• **Work instructions**
The required output is an exact restatement of the lines, starting with the one that contains "SEA DOG SAFETY" and finishing with the last line of the listing. It contains no pictures.

• **Data below**
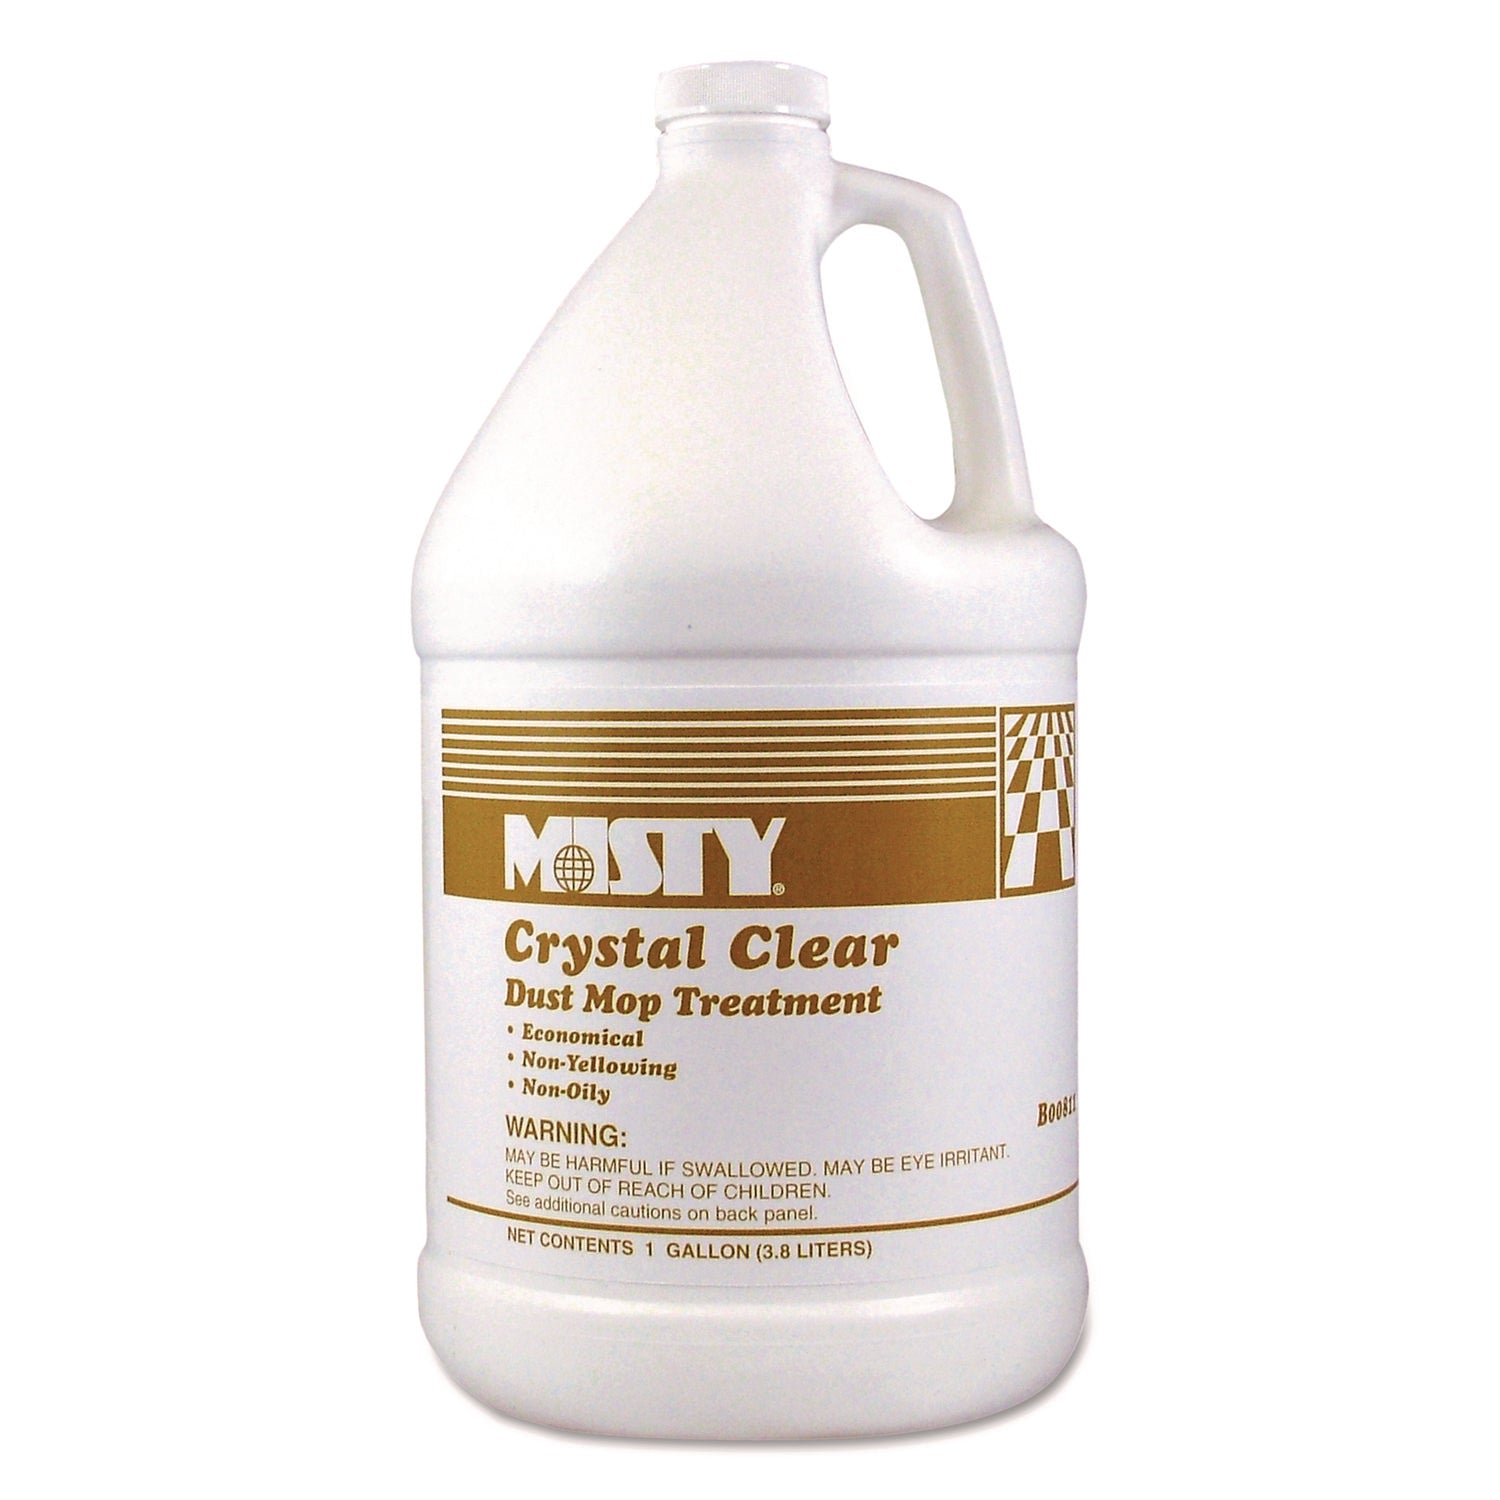 Crystal Clear Dust Mop Treatment, Slightly Fruity Scent, 1 gal Bottle - 1
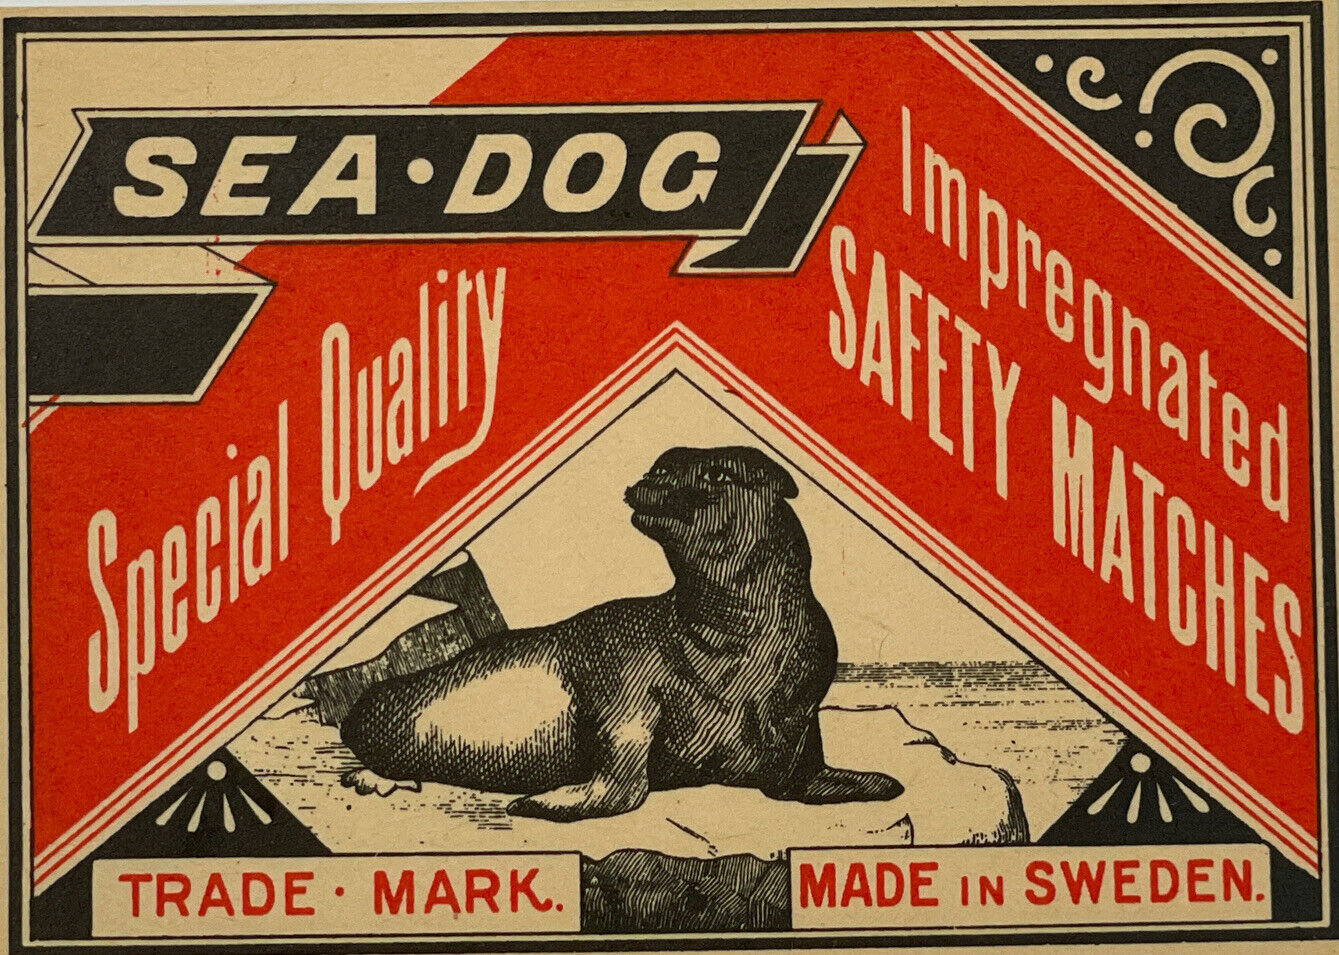 SEA DOG SAFETY MATCHES MATCH BOX LABEL c. 1900 MADE in SWEDEN RARE X-Large
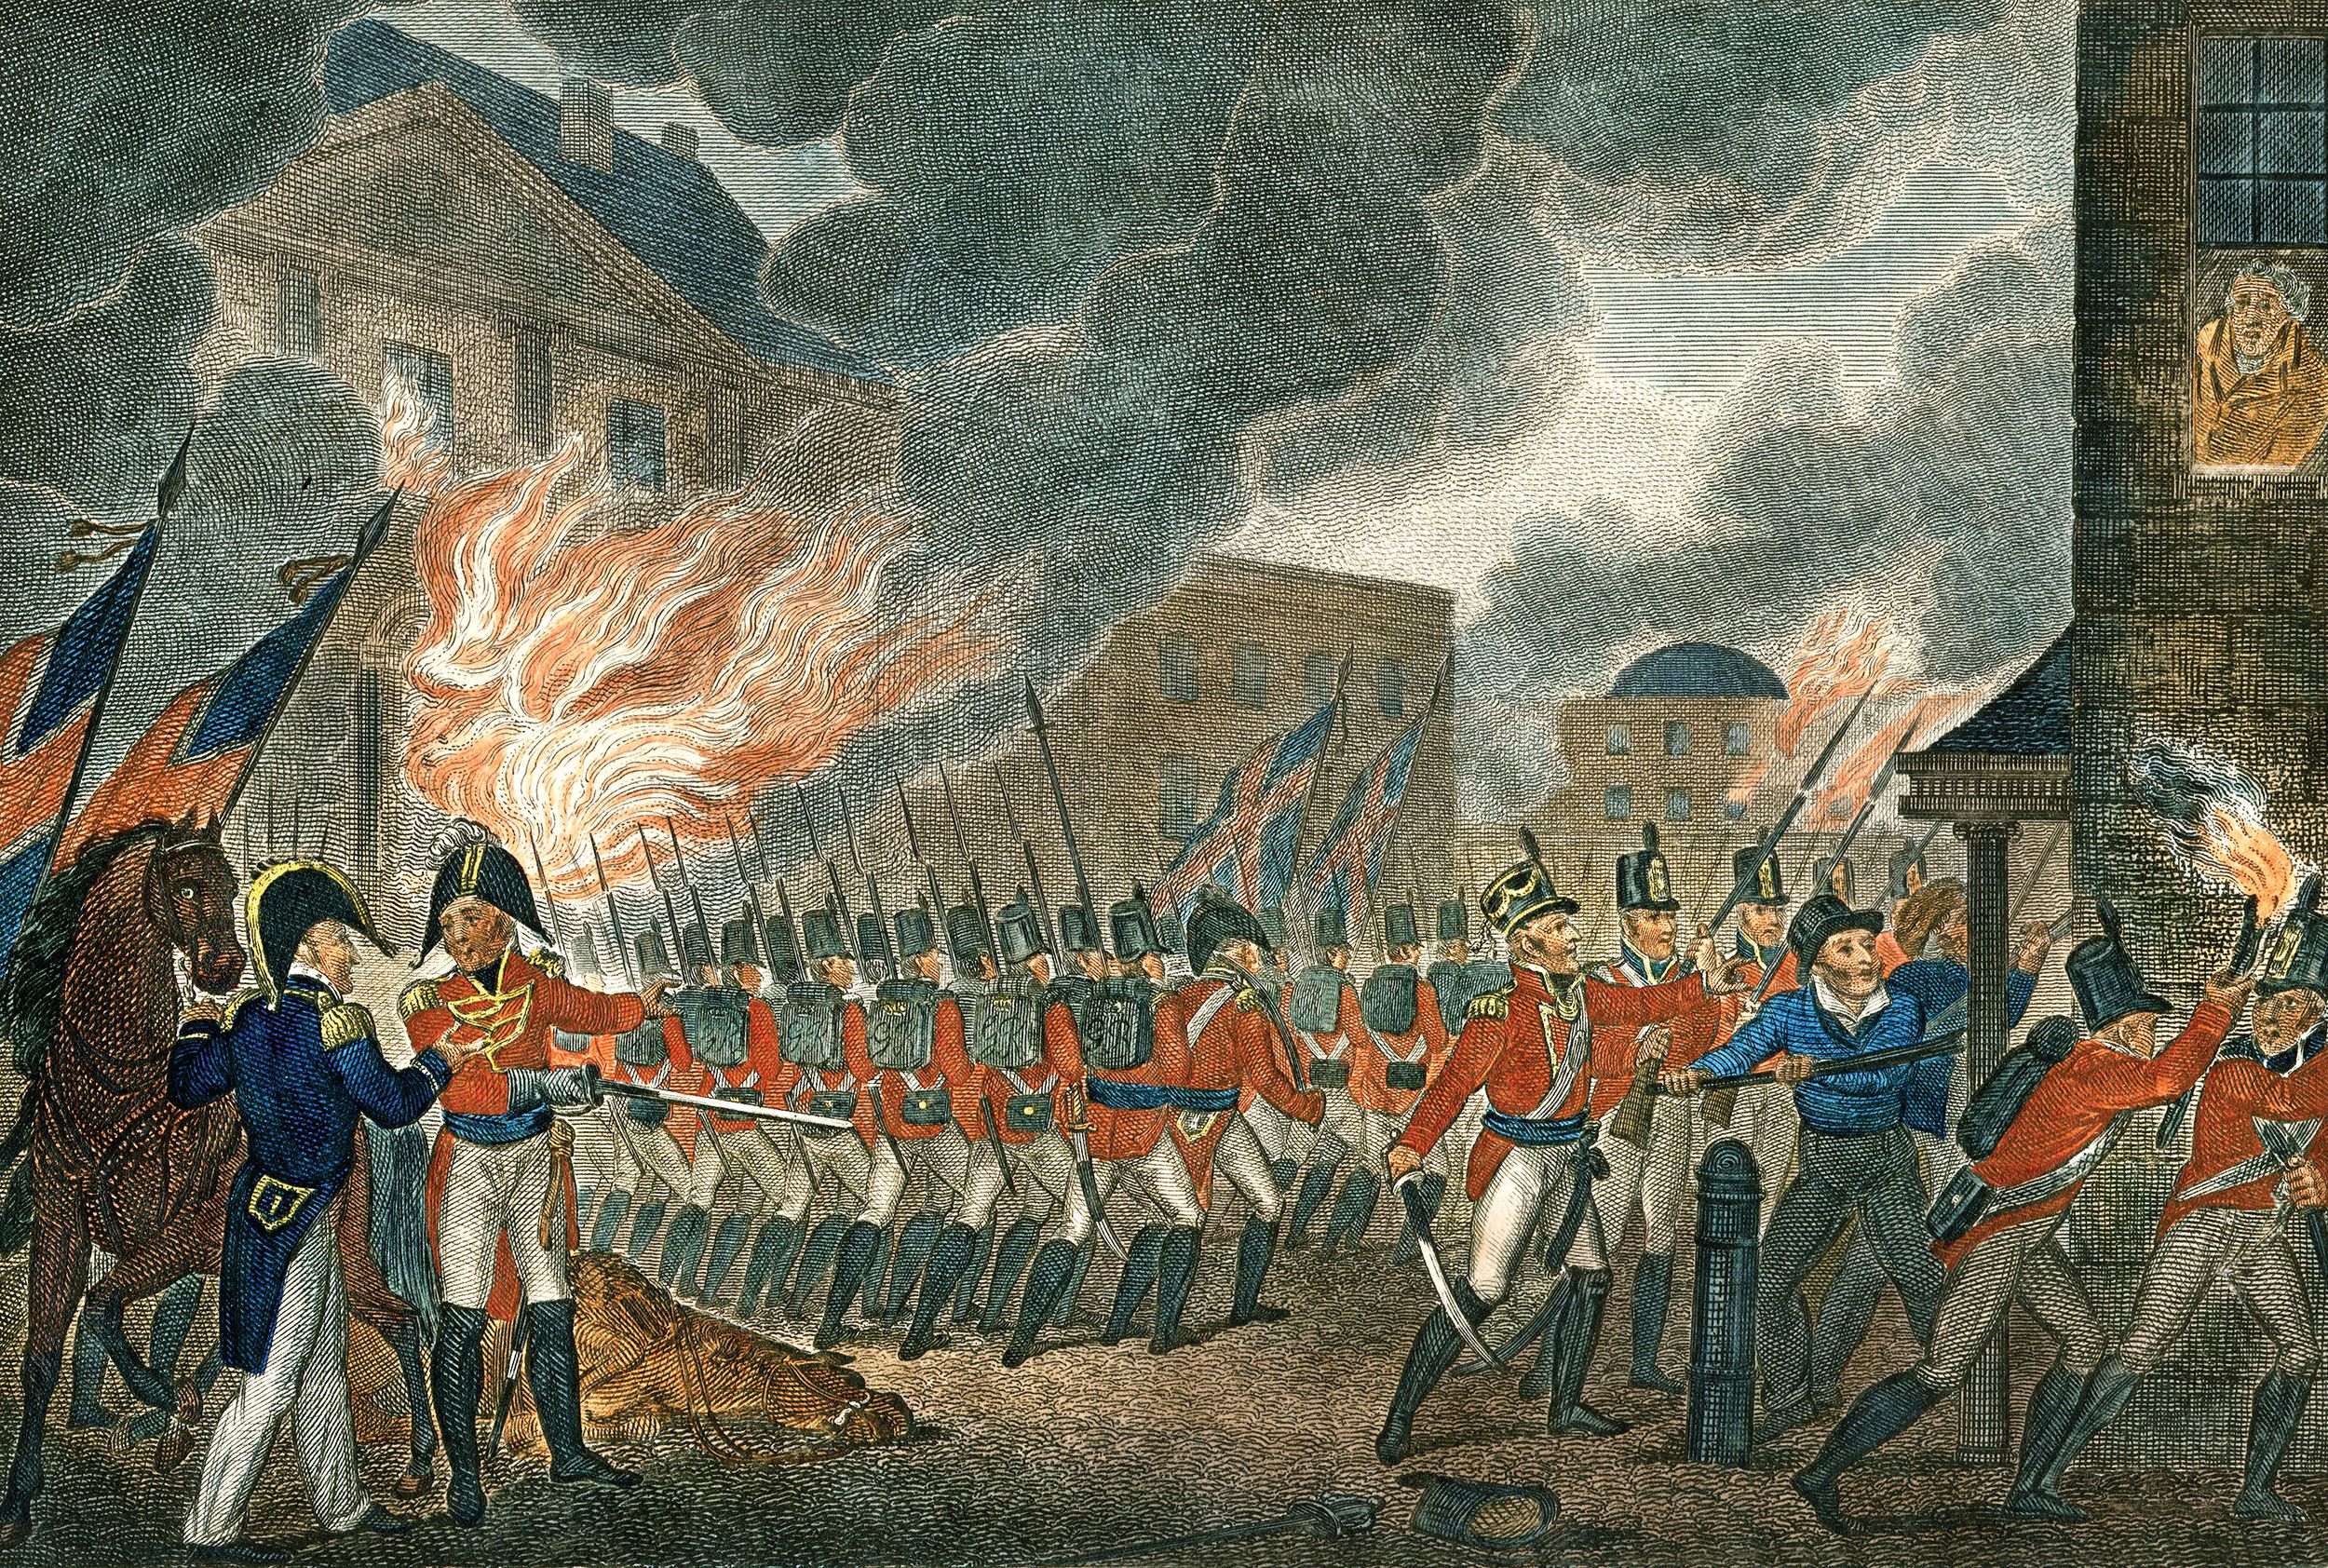 After defeating American forces at the Battle of Bladensburg in nearby Maryland, British troops under Admiral George Cockburn marched on Washington, setting fire to multiple public buildings, including the White House, and the U.S. Capitol.

• **Exercise result**
 SEA DOG SAFETY MATCHES MATCH BOX LABEL c. 1900 MADE in SWEDEN RARE X-Large
 After defeating American forces at the Battle of Bladensburg in nearby Maryland, British troops under Admiral George Cockburn marched on Washington, setting fire to multiple public buildings, including the White House, and the U.S. Capitol.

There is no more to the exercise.